В кругу этих вопросов находится также проблематика третьего смыслового пласта, организующего определенные композиционные элементы поэмы.
Композиционная структура на этом уровне строится как дважды повторенный эпизод: преступление — суд — отмененная казнь. В первом случае преступление совершает Клавдио, судит его Анджело, спасает от казни Дук. Во втором преступник — Анджело, суд вершат сам Анджело и Дук. Однако параллелизм сюжетных ситуаций лишь резче оттеняет их содержательное различие: в первом случае казнь не совершается в результате обмана, во втором — из-за милосердия, в первом случае противопоставляются закон и беззаконие, во втором — закон и милосердие.

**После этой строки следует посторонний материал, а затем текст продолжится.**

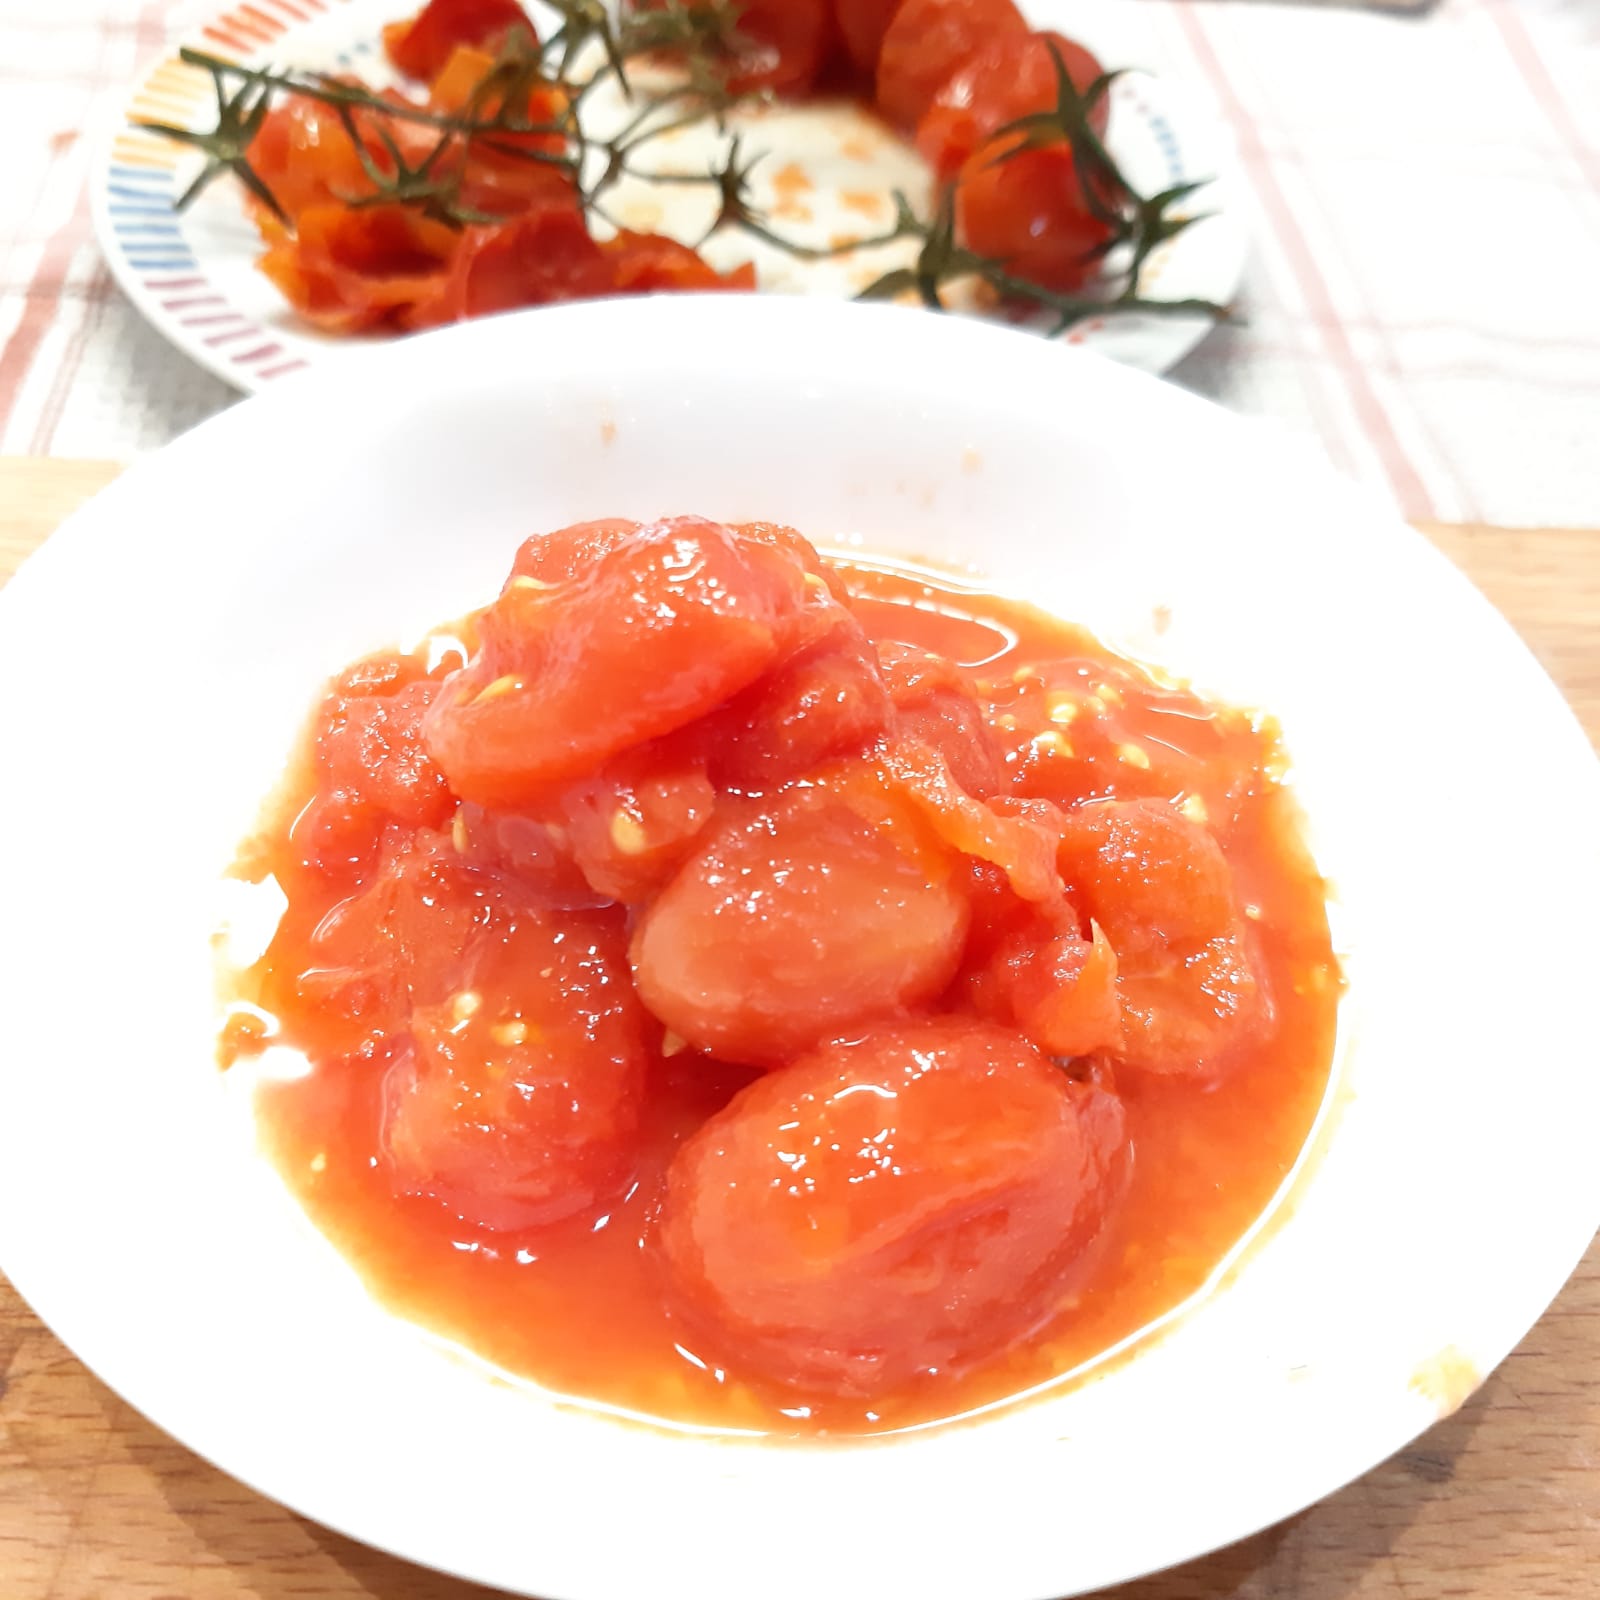 lorighittas con salsa alle melanzane e prosciutto
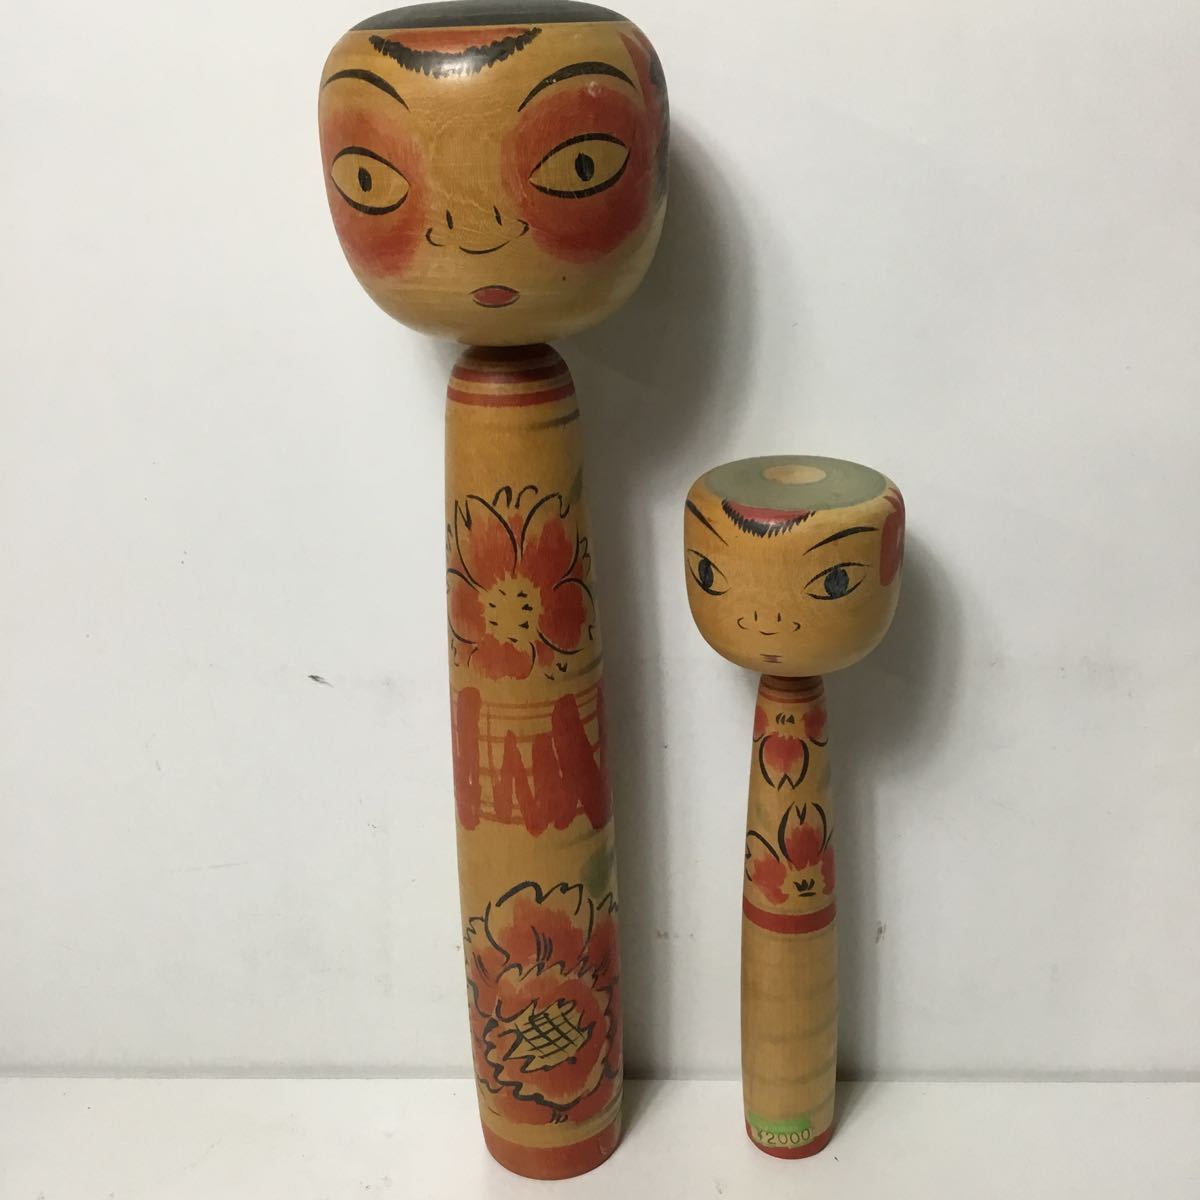 伝統こけし まとめて 2個セット 郷土玩具 伝統工芸 瀬谷重治 こけし 日本人形 骨董品 古玩 TS2A10_画像1

Пушкин отказался от названия «Мера за меру» (еще в беловой рукописи, как отмечалось в начале, он собирался снабдить поэму подзаголовком: «Повесть, взятая из Шекспировой трагедии: «Measure for Measure»») не случайно. Шекспир избрал для своей комедии в качестве заглавия изречение из Евангелия от Матфея (Мф. 7, 1–2). Отбросив проникнутое христианским анархизмом и отрицанием всякого земного суда и власти положение: «Не судите да не судимы будете», он заимствовал заглавие из второй части этого афоризма: «И какою мерою мерите, — тою и вам отмерится». В контексте шекспировской комедии это заглавие воспринималось как апология справедливости, возмездия каждому по его делам.
Пушкинская поэма — апология не справедливости, а милости, не Закона, а Человека. Незначительными по отношению к английскому прототексту смысловыми сдвигами достигается существенный эффект: у Шекспира смысловой вершиной комедии является сцена суда над Анджело, последующие же за ней быстро сменяющие друг друга браки (включая и брак Герцога) и акты милости воспринимаются как жанровая условность (комедия не может оканчиваться казнью одного из главных героев). Они настолько противоречат общему суровому, отнюдь не комическому духу пьесы, что воспринимать их как носителей основного смысла делается невозможно.
У Пушкина основной носительницей смысла делается именно сцена милосердия. Заключительные слова поэмы: «И Дук его простил» вынесены графически в отдельную строку и являются итогом проходящей через всю поэму темы милости (благополучный конец отнюдь не входит в жанрово-условный язык поэмы, поэтому не воспринимается как автоматически заданный).
Зато, передав весьма близко к Шекспиру реплику Изабеллы, обращенную к Анджело:
И милость нежная твоими ахнет устами,И новый человек ты будешь (V, 112; курсив мои. — Ю. Л.), —
Пушкин разошелся с духом народной эсхатологии, которая связывала обновление мира с судом и беспощадной расправой Вернувшегося. Для Пушкина же обновление связывается с прощением (ср. «Пир Петра Первого»[236]). Следует отметить, что у этого тезиса был добавочный, но существенный оттенок: идея милости в первую очередь была направлена против деспотизма тирана и бездушия закона. Но у нее был и другой смысл — она отражала стремление Пушкина смягчить жестокость социальных конфликтов. Стихийная революционность народного эсхатологизма ему была неприемлема (ср. упомянутую выше нашу работу о «Капитанской дочке»). «Милость к падшим» — в первую очередь милость к угнетенным и их поверженным защитникам (то, что здесь Пушкин имел в виду декабристов, давно уже отмечалось). Но это и милость торжествующего или восставшего народа по отношению к побежденным. Это — вообще милость к побежденным. Пушкинская идея милосердия противоречит народной мысли о возмездии, на которой держатся все эсхатологические легенды о разрушении старого мира и его обновлении. Здесь Шекспир, озаглавивший комедию словами «Мера за меру», сливался с народным мифологизмом, а Пушкин с ним расходился.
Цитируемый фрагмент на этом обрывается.